Rich Martini

No. 89, 86
- Position: Wide receiver

Personal information
- Born: November 19, 1955 (age 70) Berkeley, California, U.S.
- Listed height: 6 ft 2 in (1.88 m)
- Listed weight: 185 lb (84 kg)

Career information
- High school: Ygnacio Valley (Concord, California)
- College: UC Davis
- NFL draft: 1977: 7th round, 190th overall pick

Career history
- Oakland Raiders (1979–1980); New Orleans Saints (1981);

Awards and highlights
- Super Bowl champion (XV);

Career NFL statistics
- Receptions: 33
- Receiving yards: 367
- Receiving TDs: 2
- Stats at Pro Football Reference

= Rich Martini =

American football player (born 1955)

Richard William Martini (born November 19, 1955) is an American former professional football player who played wide receiver for four seasons for the Oakland Raiders and one season for the New Orleans Saints.
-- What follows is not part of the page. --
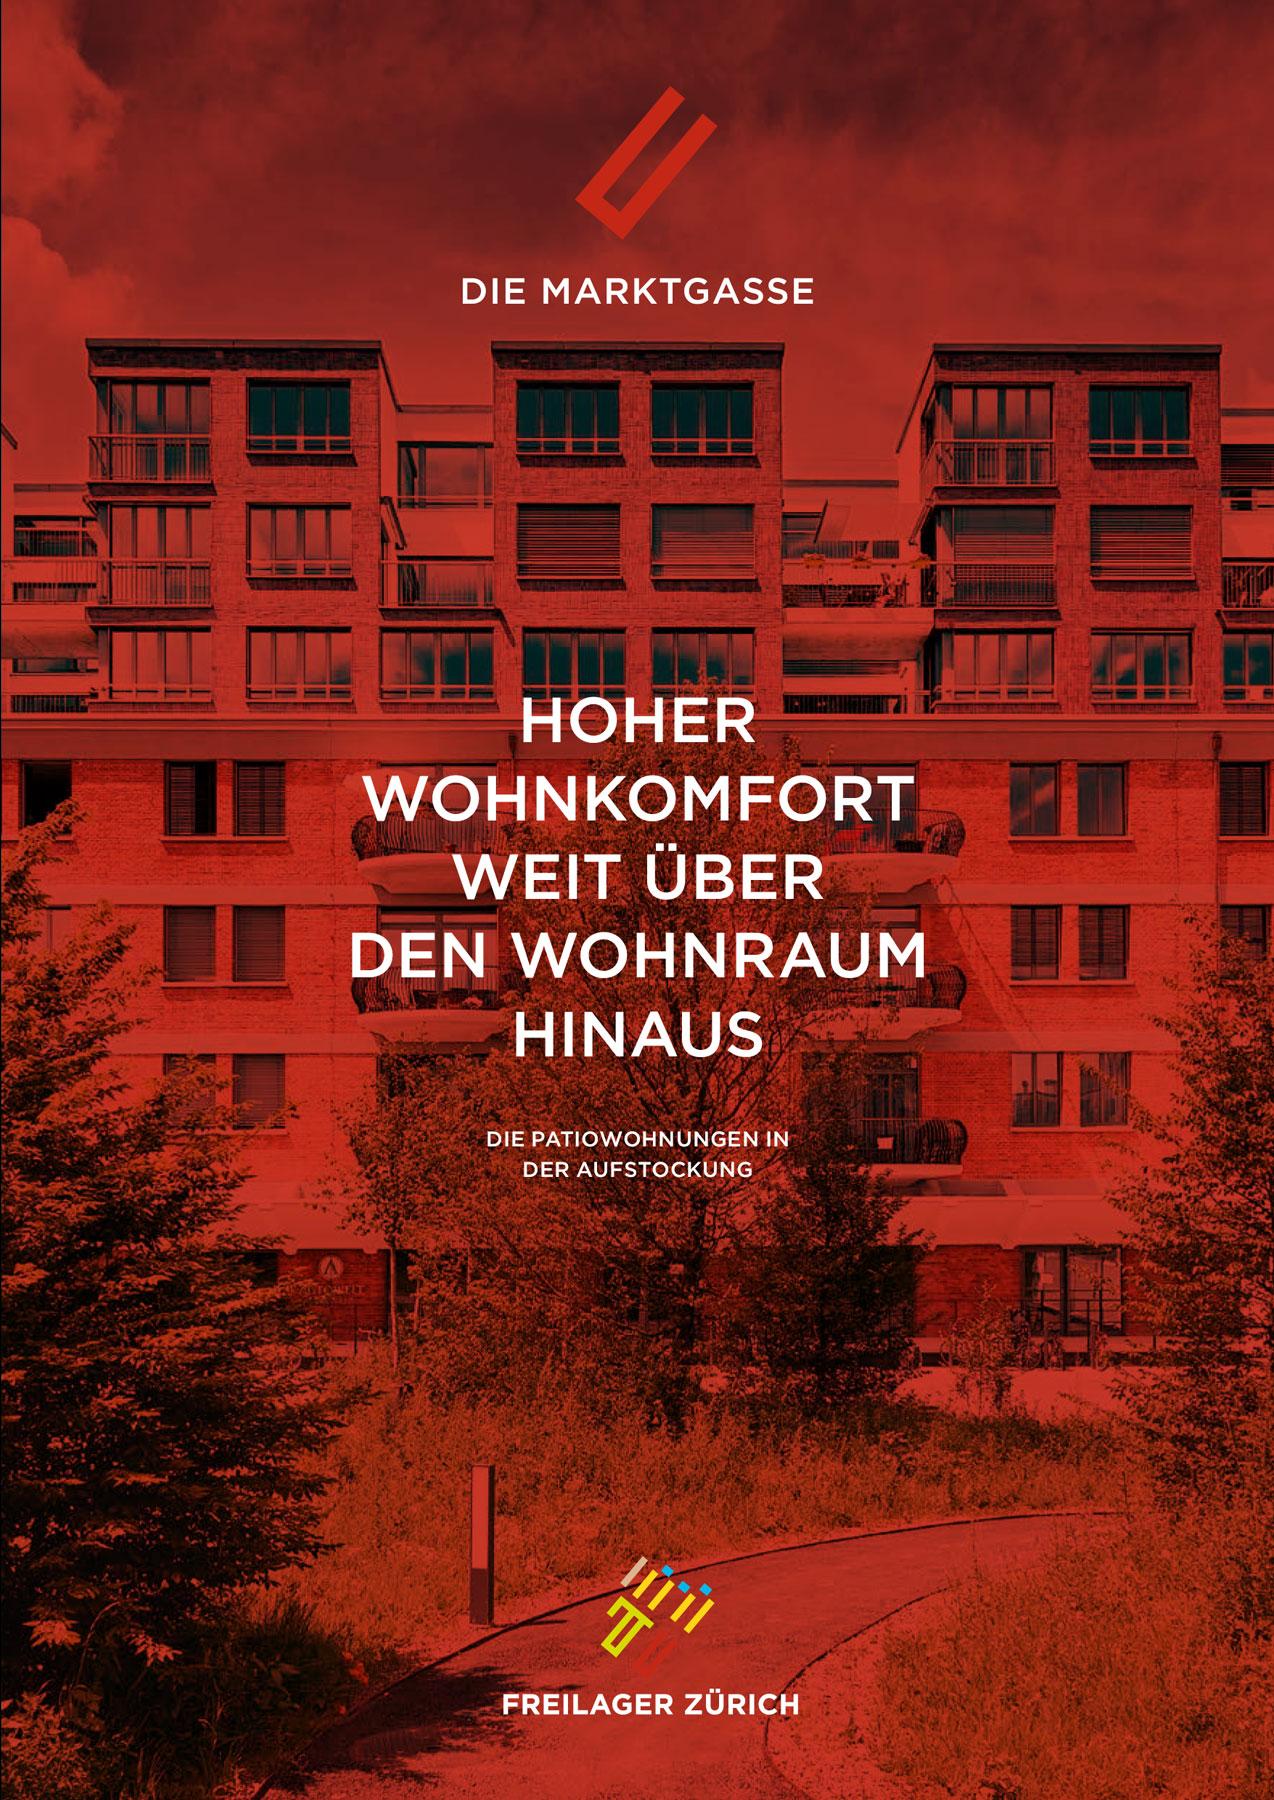 Advertising Freilager Zürich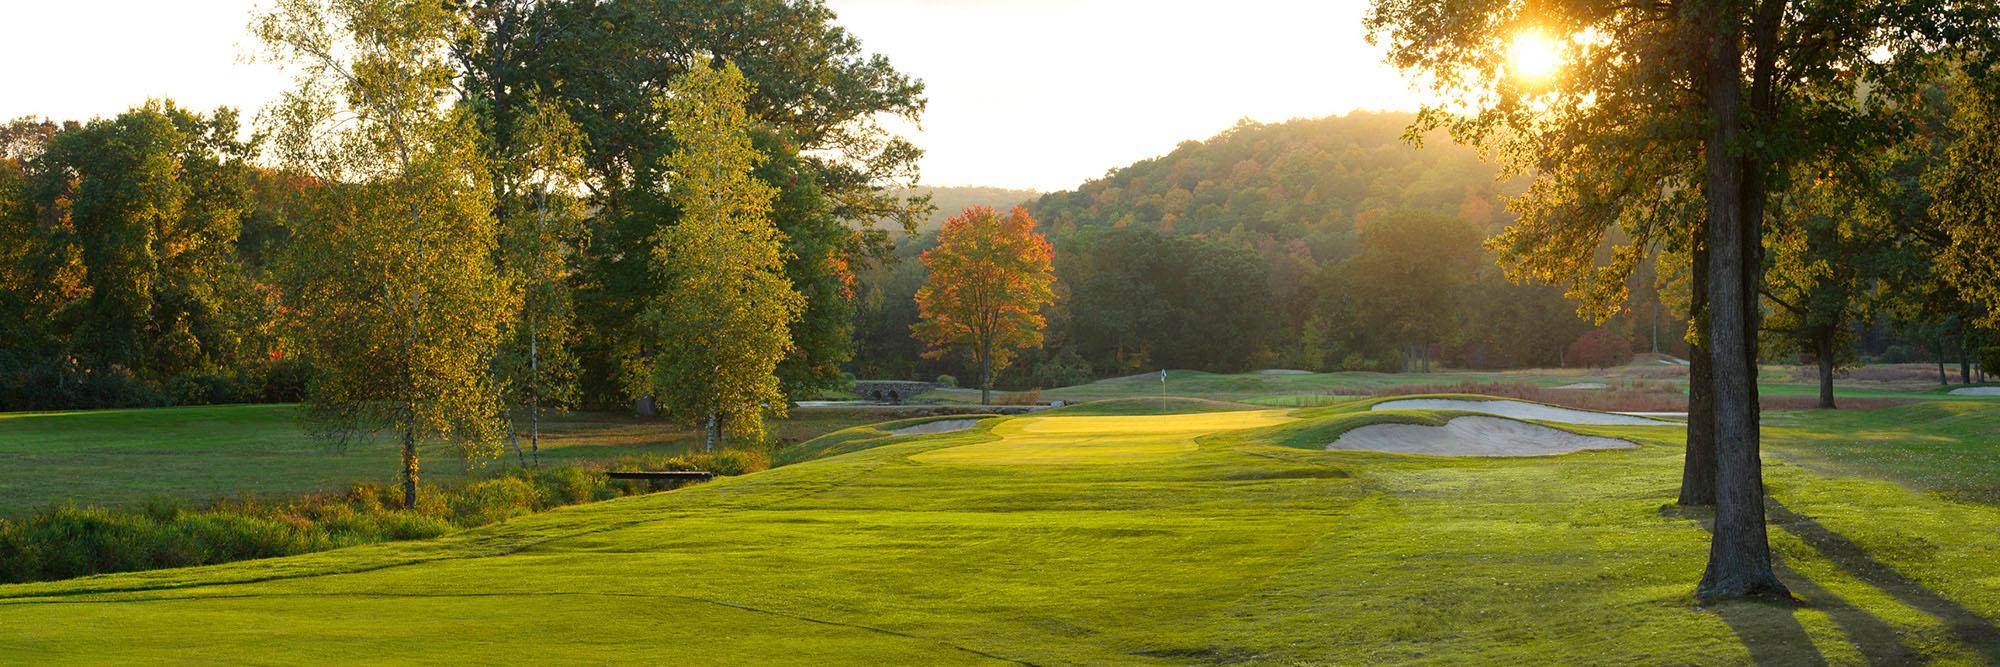 Golf Course Image - The Tuxedo Club No. 14

He played on special teams in the Raiders Super Bowl victory against the Philadelphia Eagles in Super Bowl XV. Martini attended UC Davis, where he also excelled in baseball as a centerfielder, and was drafted by the Los Angeles Dodgers and Texas Rangers.

==Honors==
- He was inducted into the Cal Aggie Athletic Hall of Fame in 1987, the U.C. Davis Baseball Hall of Fame in 2004, and the Ygnacio Valley High School Athletic Hall of Fame in 2016.